(Records for the exercise begins)
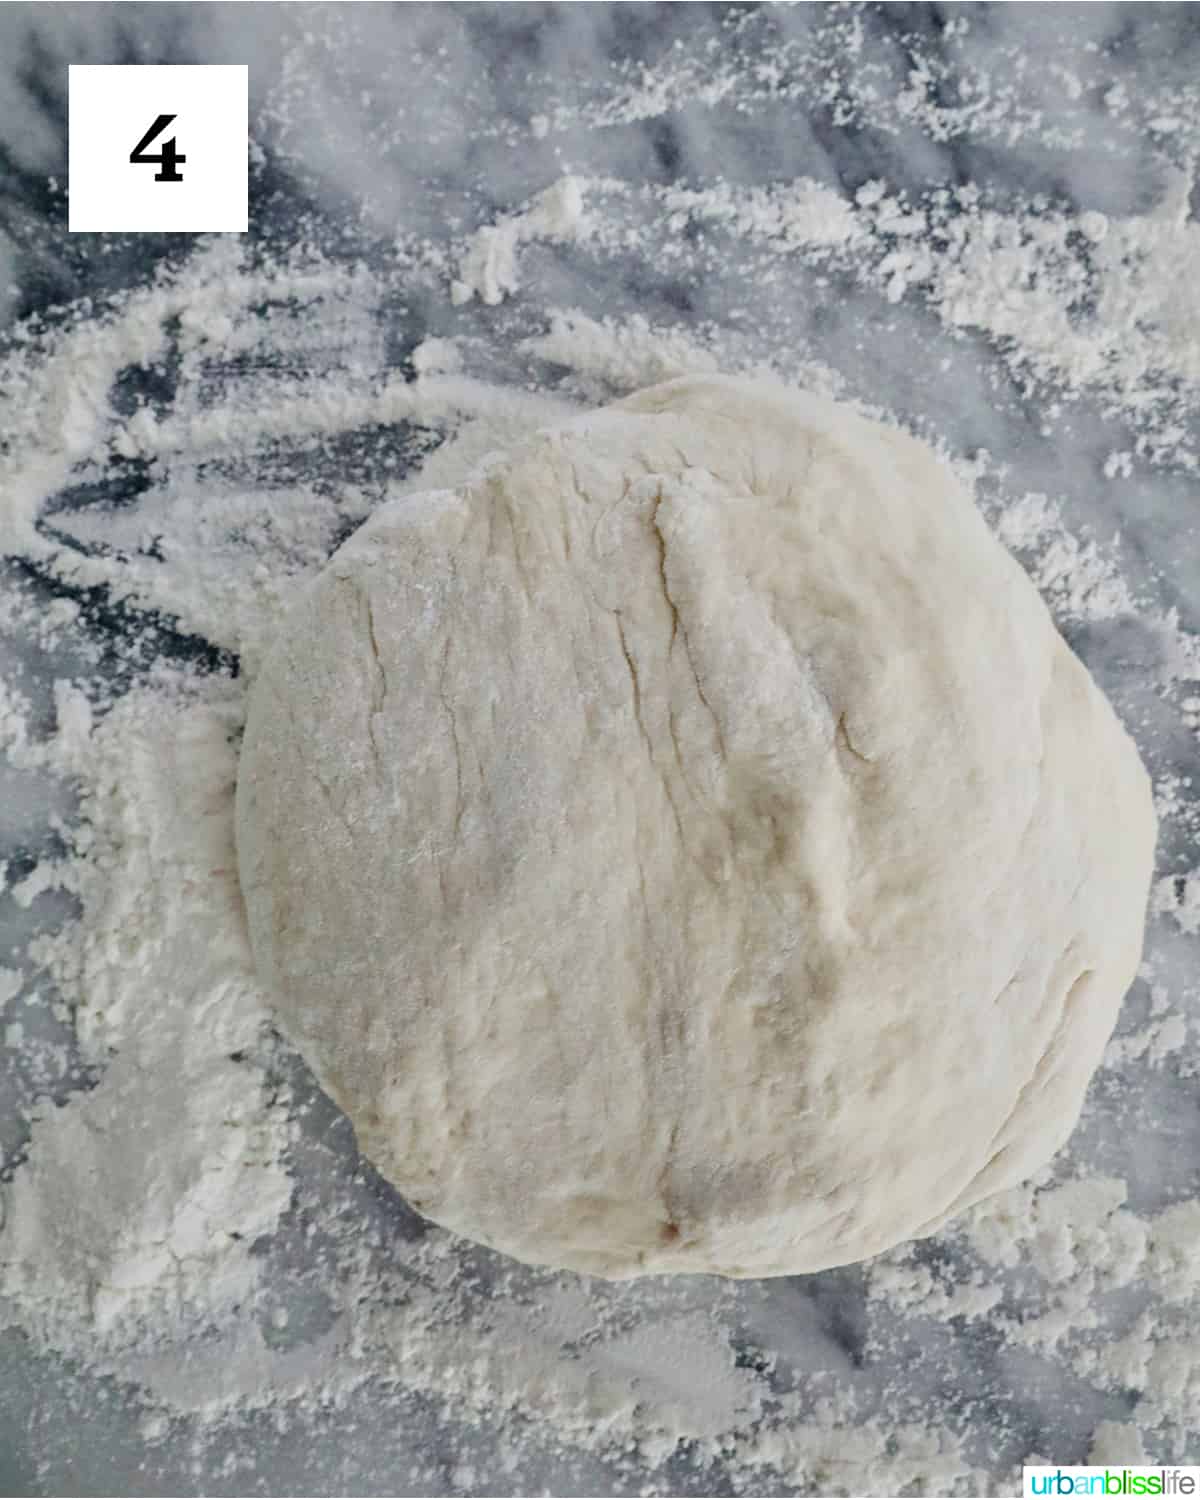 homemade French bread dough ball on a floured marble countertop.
(Records for the exercise ends)
(Records for the exercise begins)
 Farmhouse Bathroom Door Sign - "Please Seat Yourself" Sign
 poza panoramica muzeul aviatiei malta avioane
(Records for the exercise ends)
§ **Task prompt**:
Give back, unchanged, the run of lines in the listing above that begins at the line containing "Farmhouse Bathroom Door" and ends at the line containing "poza panoramica muzeul", both included.

§ **Written solution**:
 Farmhouse Bathroom Door Sign - "Please Seat Yourself" Sign
 poza panoramica muzeul aviatiei malta avioane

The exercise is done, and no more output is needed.